Эта преемственность на дискурсивном уровне в ослабленной форме проявлялась у самой императрицы. Как уже было всесторонне показано Робертом Крюзом, Еленой Марасиновой, П. Вертом и другими, религиозная политика Екатерины II не предполагала принцип свободы совести[1604]
. Переход из русской православной веры в ислам по-прежнему карался смертной казнью. Миссионерская деятельность разрешалась только Русской православной церкви. Кроме того, императрица рассматривала нехристиан как «заблудших овец» и желала в долгосрочной перспективе привести их к «истинному верных стаду»[1605]. Однако это обращение должно было осуществляться не принуждением и насилием, но посредством убеждения, примеров и долгосрочных стратегий аккультурирования. При этом главной заботой императрицы было не поставить под угрозу имевшую для нее первостепенное значение политику административной унификации и цивилизирования, открыв в вопросах веры еще один фронт, который мог бы вызвать волнения и сопротивление и помешать «соединению граждан»[1606].Екатерининское видение «соединения граждан» отнюдь не ограничивалось чисто политико-административным пониманием. Екатерина II по крайней мере в перспективе придерживалась также цели, чтобы «новые подданные» «сердцами и духом» соединились с «Российскими сынами» и вместе образовали «единый с ними народ»[1607]
. Если расширить анализ и рассмотреть ее знаменитый «Наказ, данный Комиссии о сочинении проекта нового Уложения» от 1766 года, то и здесь обнаруживается интеллектуальная основа для дискурса ассимилирования. Императрица находилась под впечатлением от трудов Монтескье и Пуфендорфа и была убеждена в том, что одних только, пусть даже самых лучших, единых законов для формирования «народного умствования» (ésprit de la Nation) недостаточно: если мышление «народов» неразвито, то принятие таких законов требует предварительной активной подготовки человеческого разума («приймите на себя труд приуготовить оные [умы людские]»)[1608]. Такая подготовка подданных могла означать, что «к великому онаго добру» следовало изменять и обычаи народов. Эти изменения также должны были достигаться не через принуждение и насилие, но в большей степени благодаря наглядному примеру для подражания. Добиться этого можно было благодаря тесным контактам с народом, который и должен был служить таким примером[1609].Именно в этом духе — в пользу сочетания цивилизирования как первоочередной цели с ассимилированием, к которому надо стремиться в долгосрочной перспективе, — высказывались и губернаторы
Екатерины II. Примером могут служить слова астраханского губернатора Петра Кречетникова, который в 1775 году стремился к «обузданию сих [северокавказских] варварских народов», «опровержению [то есть преодолению] их языка и обычаев» и устранению их «грубого невежества» и который, явно ссылаясь на эксперимент Ставрополя, выражал надежду на то, что потом «их нравы, обычаи, и язык истребитца, и они лехко придут нечувствительным образом в существительные е. и. в. подданные»[1610]; или высказывания генерал-губернатора Иркутска И. А. Пиля, который в 1794 году призывал к тому, чтобы «американцов превратить из диких в обходительных», обучая их не только «образу жизни», обычаям, наукам и искусствам русских, но и выращиванию зерна, скотоводству и христианской вере.
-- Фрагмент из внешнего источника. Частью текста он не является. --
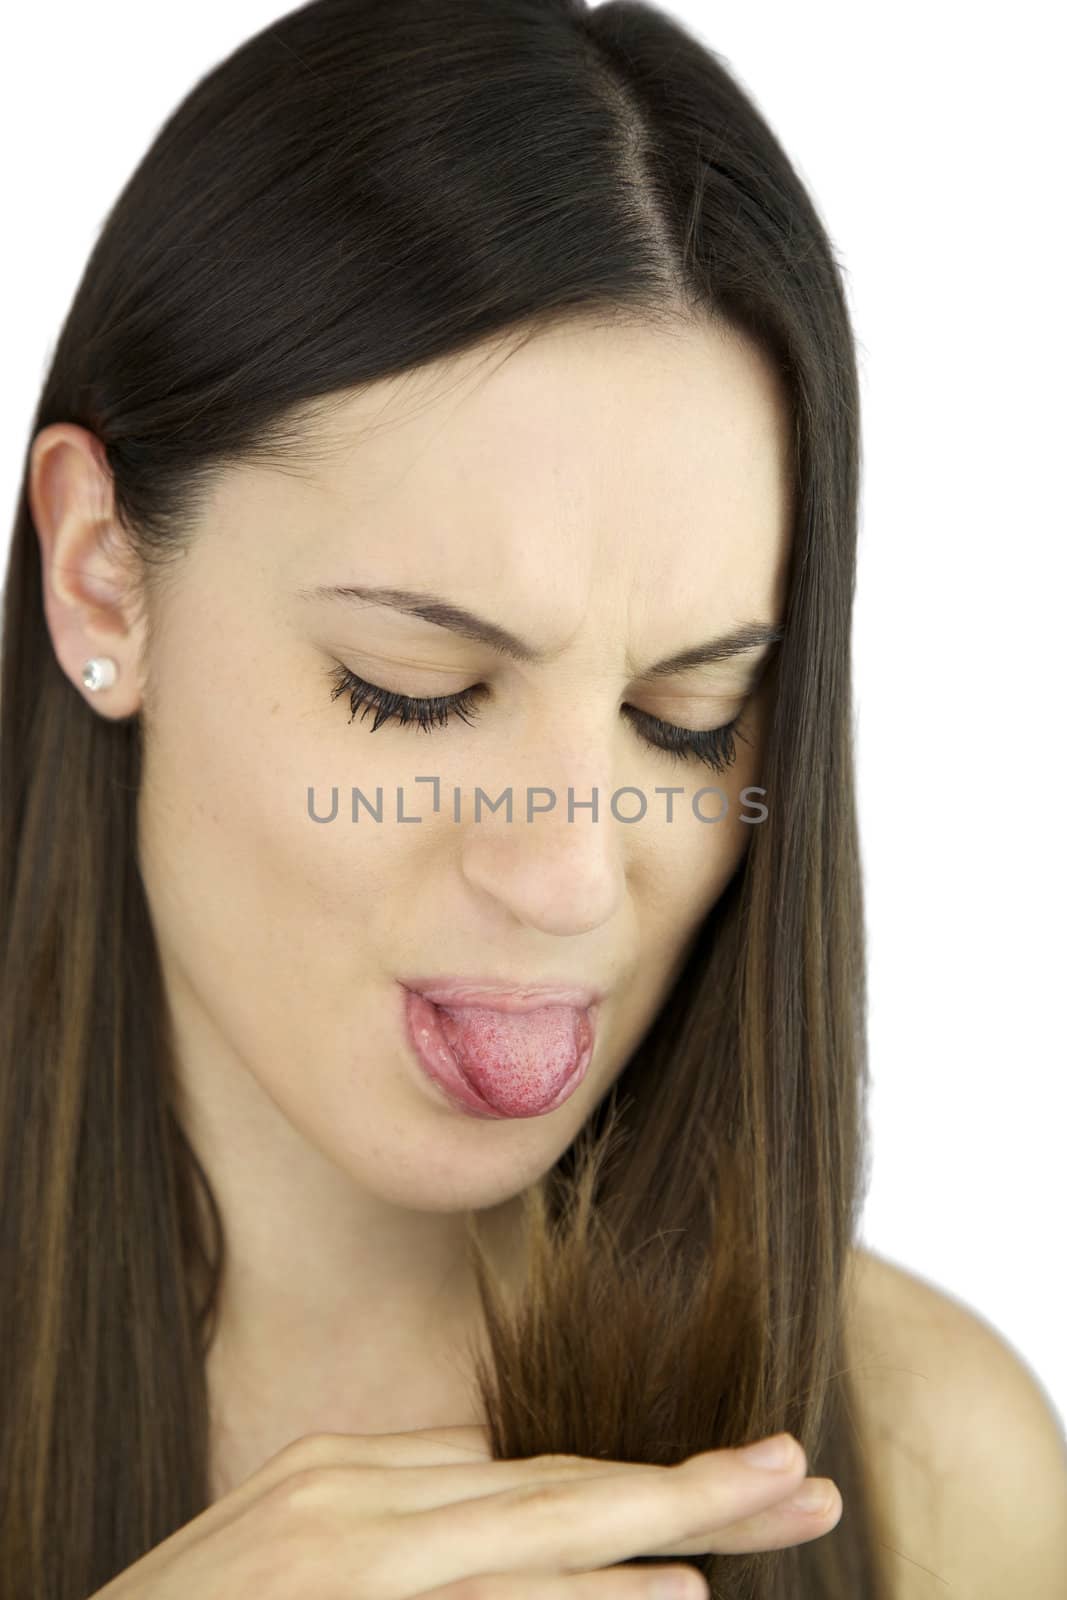 Angry girl making tongue to ruined hair by fmarsicano

Далее, если в качестве заложников выбрать умных молодых людей, ввести их во «вкус жизни русской», то они смогли бы внушить своему собственному «народу» «пользу нашей жизни» и помочь утвердить этот образ жизни среди них[1611]. А в отношении казахов астраханский пограничный инспектор И. И. Завалишин в 1803 году в письме министру внутренних дел В. П. Кочубею высказал ожидания, что общение с «русскими поселянами» на «внутренней» стороне укрепленных линий «поумягчит дикие их нравы», постепенно приведет к оседлости и, наконец, к тому, что они «обрусеют»[1612].